Well, that's us as caregivers. And I was determined for that not to happen, and so I started this group. And I'm stunned by what's happened. I had to suspend it for a while because Gracie's needs just became so. challenging that I couldn't do much of anything.
But that's changed now and she's Planed out a little bit more. And plus, I have a lady that comes up and spends time with her on Thursday, so I can go down and do this group. I'm very grateful. The group had been following me all the way to Denver. They were calling and checking on me and so forth.
It's just a great group of people, literally from all over this county, and it's a big county. where we live. And they they come in, some of them drive uh 30 45 minutes to get here. It it it's a it's an extraordinary group of people. who are carrying very, very difficult things.

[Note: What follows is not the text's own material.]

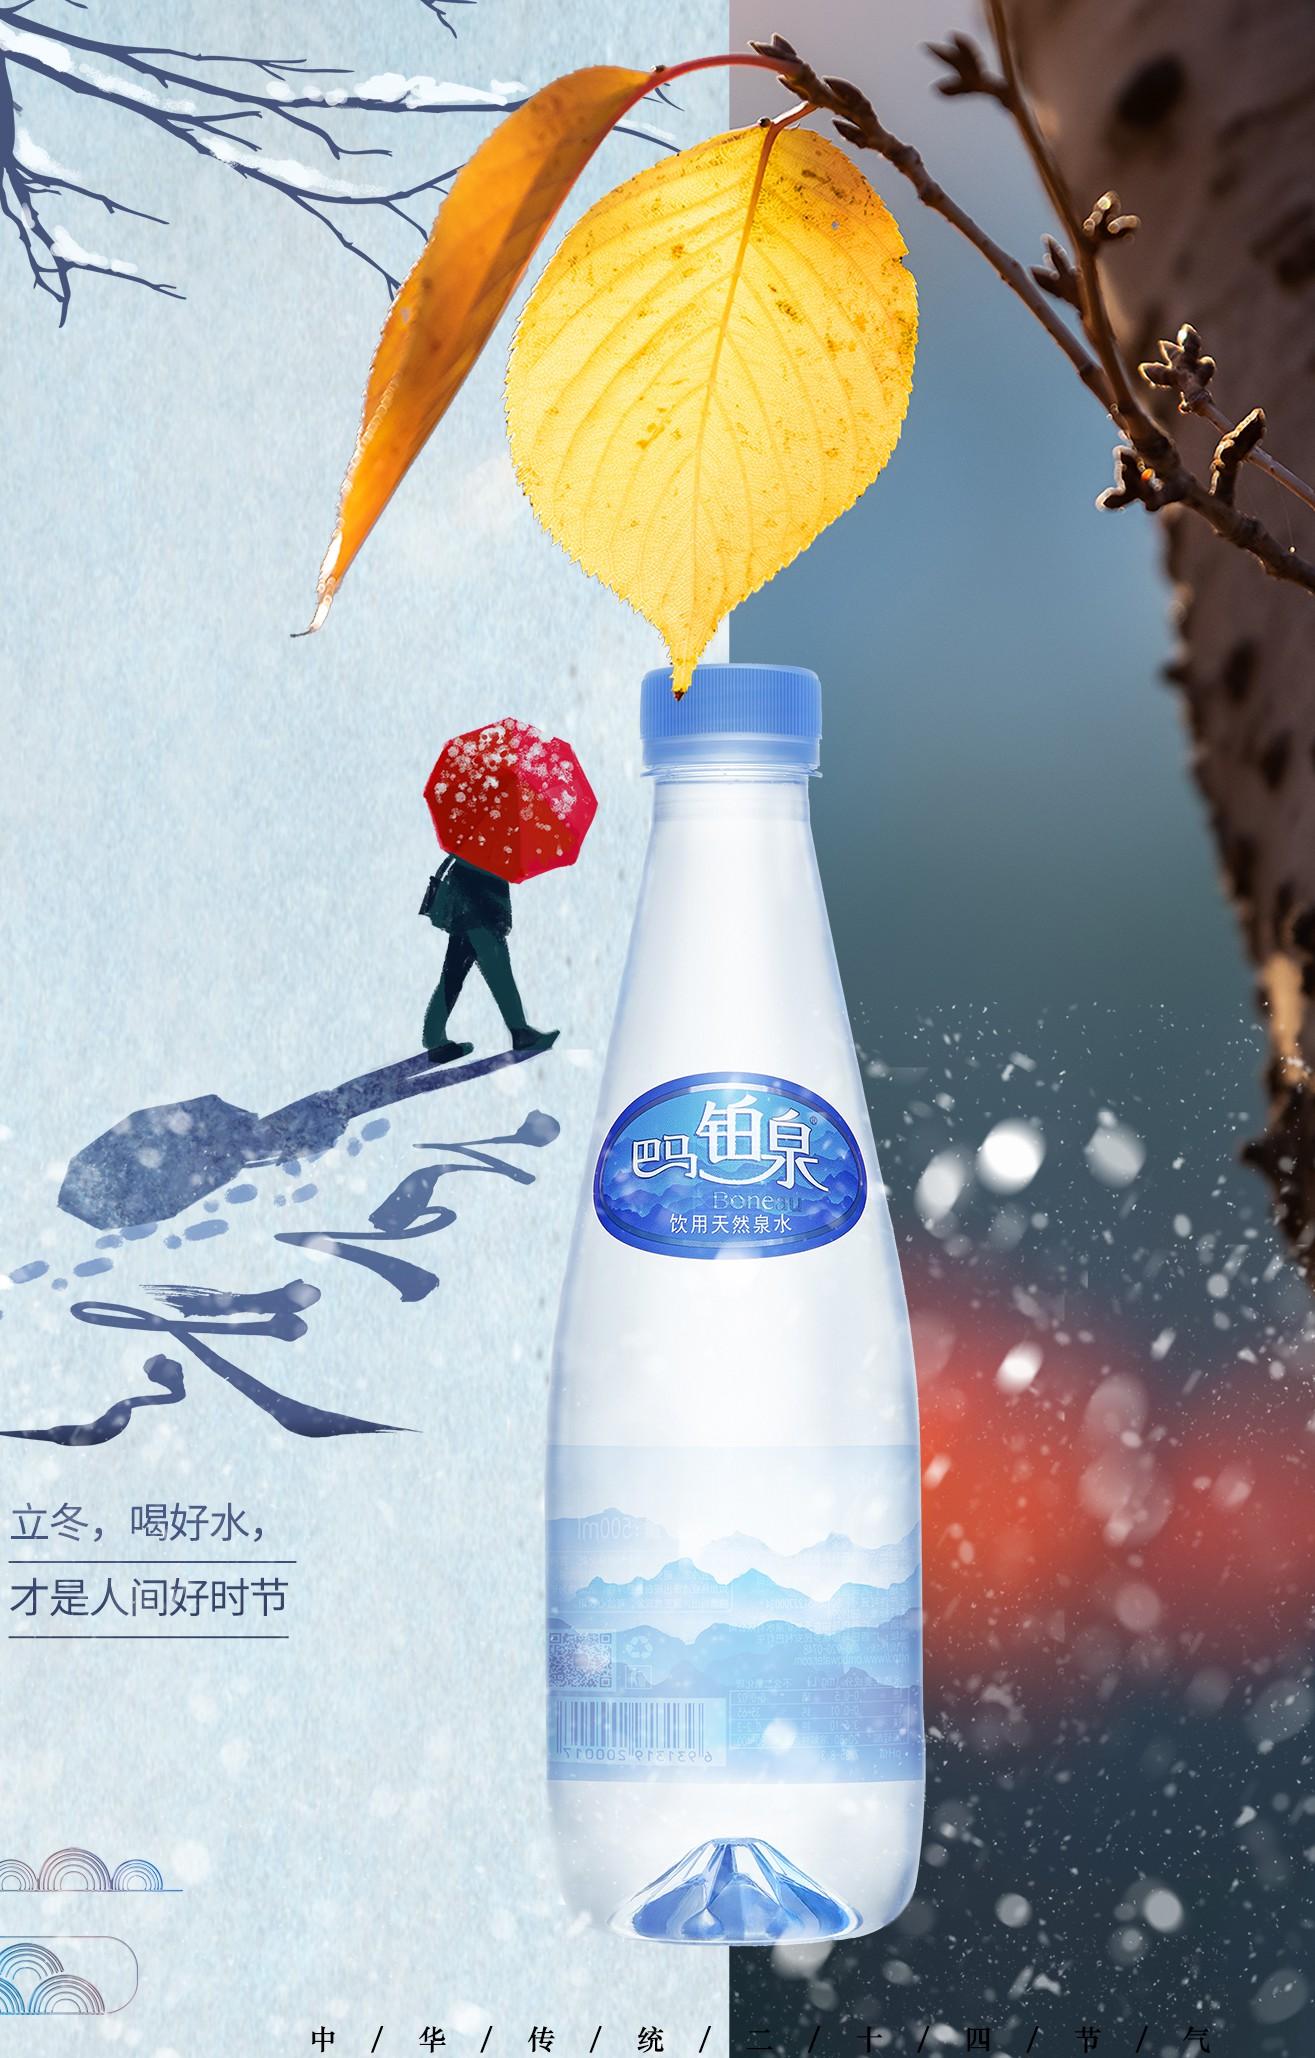 立冬,喝好水。才是人间好时节

And we don't try to solve it, we don't try to fix it, any more than I try to solve it or fix it on this program. This program is me doing what I do across the airwaves, but in this group it's me doing it across the table. Same message, same motivation. same desire to see Myself and fellow caregivers. get a little stronger, get a little healthier.
A little calmer. And dare I say it, a little more joyful, even as we serve as caregivers. And we laugh around this table, we cry. One time we had a chili cook-off between a couple of the members, and we all had to evaluate each other's chili, and that was a. That was a lot of fun.
One of them brought in some elk chili of an elk that she had shot, and it was quite tasty, I must say. And not that the other ones was not. It was all good. I'd eat chili all day long, but we have fun, and we've had several that have had funerals during this journey, but they keep coming to the group because I maintain that caregiving doesn't stop at a cemetery. The impact of what we do as caregivers can extend on for the rest of our lives for some of us.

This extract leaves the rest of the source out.